Cheney's office referred calls about the pipeline to the Department of Homeland Security. Calls there were referred to Kirk Whitworth, who would not take a telephone message and required questions in the form of an e-mail.

Susan Castiglione, senior manager of corporate and public affairs with Colonial Pipeline, did not return phone calls.

Compton said workers who were trying to restore substations that power two rural hospitals - Stone County Hospital in Wiggins and George County Hospital in Lucedale - worked instead on the Colonial Pipeline project.

The move caused power to be restored at least 24 hours later than planned.

Mindy Osborn, emergency room coordinator at Stone County Hospital, said the power was not restored until six days after the storm on Sept. 4. She didn't have the number of patients who were hospitalized during the week after the storm.

"Oh, yes, 24 hours earlier would have been a help," Osborn said.

Compton said workers who were trying to restore power to some rural water systems also were taken off their jobs and placed on the Colonial Pipeline project. Compton did not name specific water systems affected.

Callahan's visit

Callahan is one of three elected public service commissioners who oversee most public utilities in the state. Commissioners, however, have no authority over rural electric power cooperatives.

Nevertheless, Callahan said he drove to Compton's office on U.S. 49 North in Hattiesburg to tell him about the call from the Department of Energy. Callahan said he would support whatever decision Compton made.

Callahan said energy officials told him gasoline and diesel fuel needed to flow through the pipeline to avert a national crisis from the inability to meet fuel needs in the Northeast.

Callahan said the process of getting the pipelines flowing would be difficult and that there was a chance the voltage required to do so would knock out the system - including power to Wesley Medical Center in Hattiesburg.

With Forrest General Hospital operating on generators, Wesley was the only hospital operating with full electric power in the Pine Belt in the days following Katrina.

"Our concern was that if Wesley went down, it would be a national crisis for Mississippi," Callahan said. "We knew it would take three to four days to get Forrest General Hospital's power restored and we did not want to lose Wesley."

Compton, though, followed the White House's directive.

Nathan Brown, manager of power supply for the electric association, was responsible for overseeing the delicate operation of starting the 5,000-horsepower pumps at the pipeline.

Engineers with Southern Co., the parent company of Mississippi Power Co., did a dual analysis of what it would take to restore power and Brown worked with Southern Co. engineers on the best and quickest way to restore power.

Work began at 10 a.m. Sept. 1 and power was restored at 2 a.m. Sept. 2 - a 16-hour job.

Night work

A good bit of the work took place at night.

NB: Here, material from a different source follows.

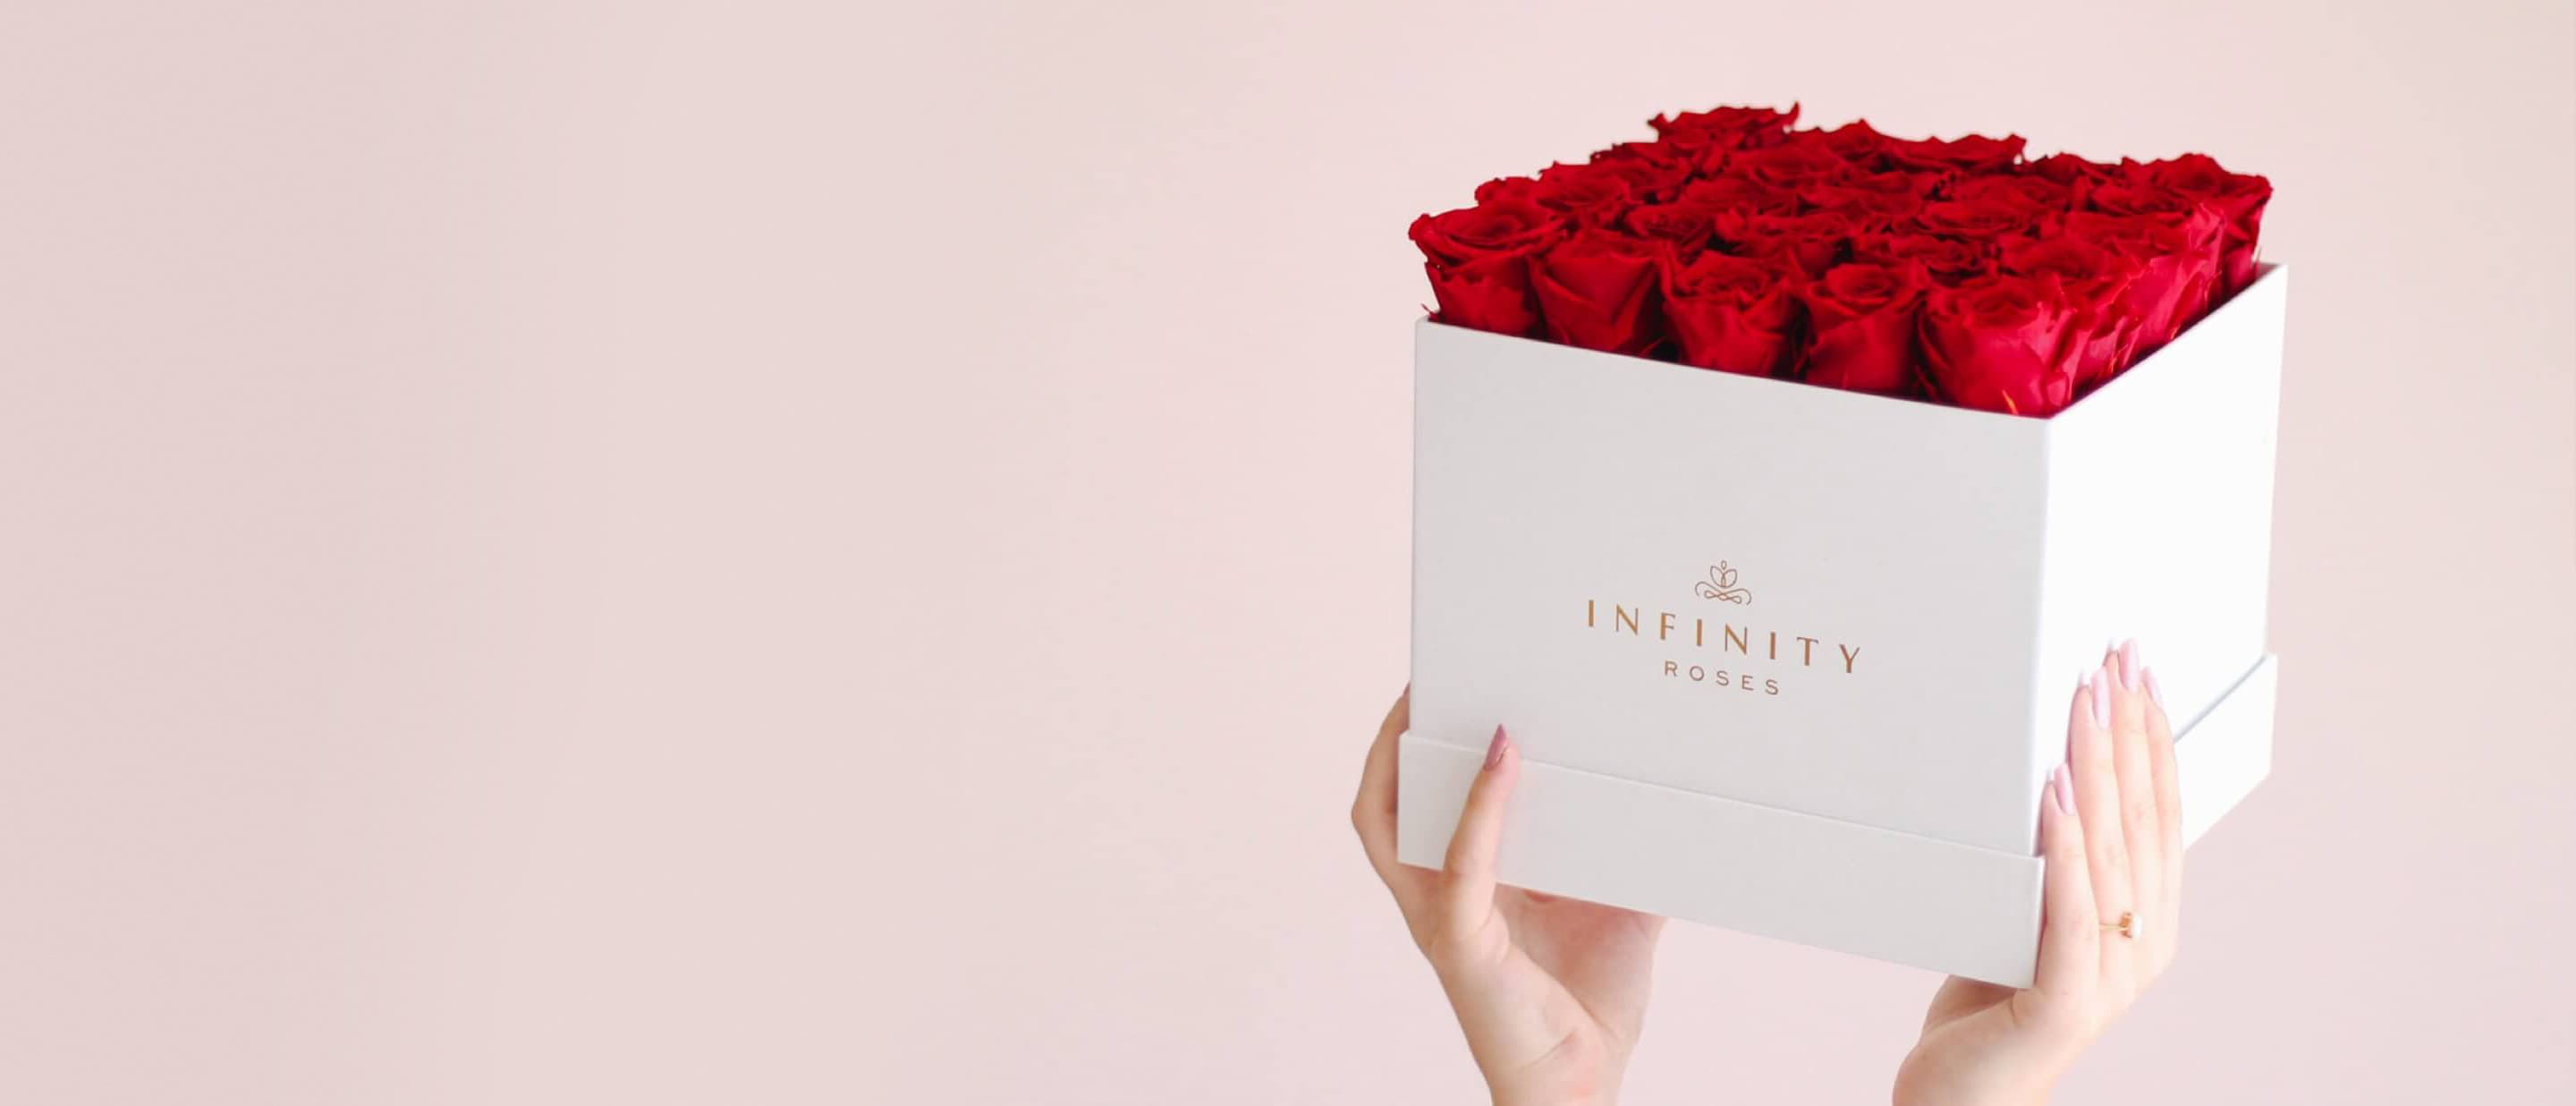 infinity box gift

Line foreman Matt Ready was in charge of one of the teams that worked to power the substations and the pipeline. Ready's shift started at 6 a.m. Sept. 1; he received word about the job four hours later and saw it to completion.

"We were told to stay with it until we got power restored," Ready said. "We had real safety issues because there were fires in the trees on the lines and broken power poles."

Ready described working on the lines in the dark like attempting to clear fallen trees out of a yard with a flashlight and a chain saw.

"Everything was dangerous," he said.

Ready said the crew members did not learn they were restoring power to pipelines until after the job was done.

How did they feel about that?

"Is this on the record?" Ready asked. "Well, then, we are all glad we were able to help out."

Compton said he was happy to support the national effort. But he said it was a difficult decision to make because of the potential impact in the region had the plan not worked and the area's power restoration was set back days.

"It was my decision to balance what was most important to people in South Mississippi with this all-of-a-sudden national crisis of not enough gas or diesel fuel," Compton said.

"In the future, the federal government needs to give us guidelines if this is such a national emergency so that I can work that in my plans."